The opportunities now, I think some of them are avoiding certain parts of the market too. What we find right now is that there are some challenges in the U.S. corporate credit market. It doesn’t mean we’re not willing to take some risks there but we’re very underweight relative to where we would normally be at this part of the cycle, and it’s not because we feel a recession is imminent, we just don’t like the pricing, so there’s the old adage in the fixed income space that there’s no bad bonds, just bad prices and right now there’s a lot of bad prices. It’s not that these securities are going to default, it’s just that we don’t think you’re being compensated for that. And so what we’ve liked is parts of the market that tend to be more institutional oriented, it’s not easily accessed by retail in general and these are securitized markets, and securitized market - all that means is that you package a bunch of securities together and issue a new security off of it. There’s a couple of nice features about these securities is that they have shorter lives and thus less interest rate risk than a lot of the corporate credit securities you see for comparable ratings.

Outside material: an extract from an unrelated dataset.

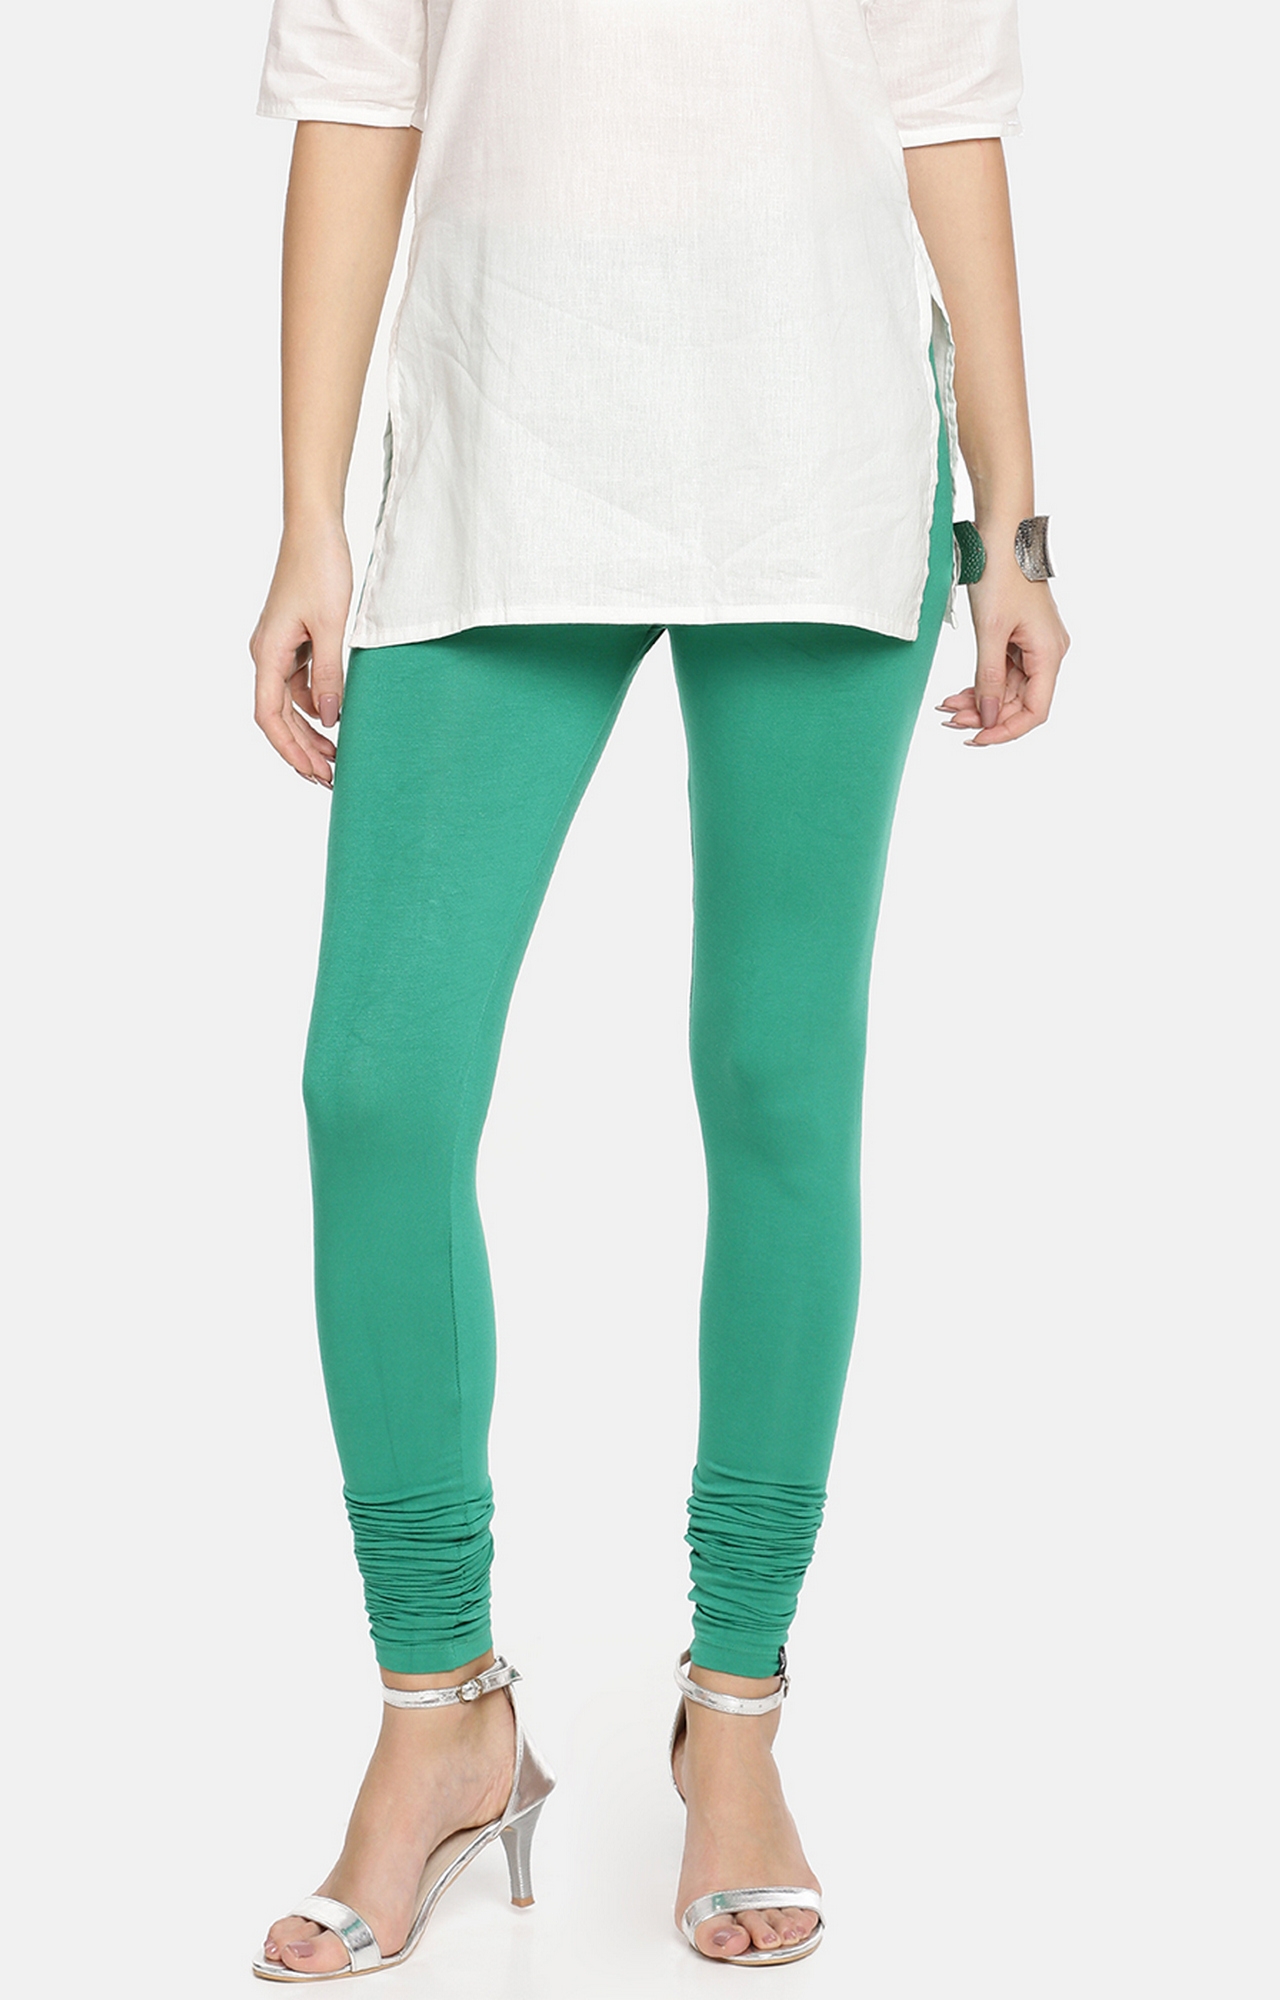 Twin Birds Online - Get fashionable with capri leggings from Twin Birds,  available in a multitude of vibrant colors and sizes. Visit twinbirds.co.in  or click on the product below to buy what

So we still have a tilt towards the credit markets, we don’t think the recessions are imminent but I do believe that having this institutional framework and being able to access it is something our team has done pretty well over the last couple of decades is something that’s unique to the Canadian market and gives investors a different way of accessing credit in the global markets today

On average the portfolio managers have over 20 years in industry experience and we have on average 16 years working together making these decisions, so we heavily rely upon the expertise of not just our sector specialists who are the portfolio managers who allocate capital let’s say in the bank loan space, high yield space, it could be in mortgage back securities, it could be in treasuries but we also use an asset location team that overlays these top down views so the macro environment is what allows us to formulate where we think the opportunity set should be and where the risks are and then implement those being agnostic to these global bond benchmarks.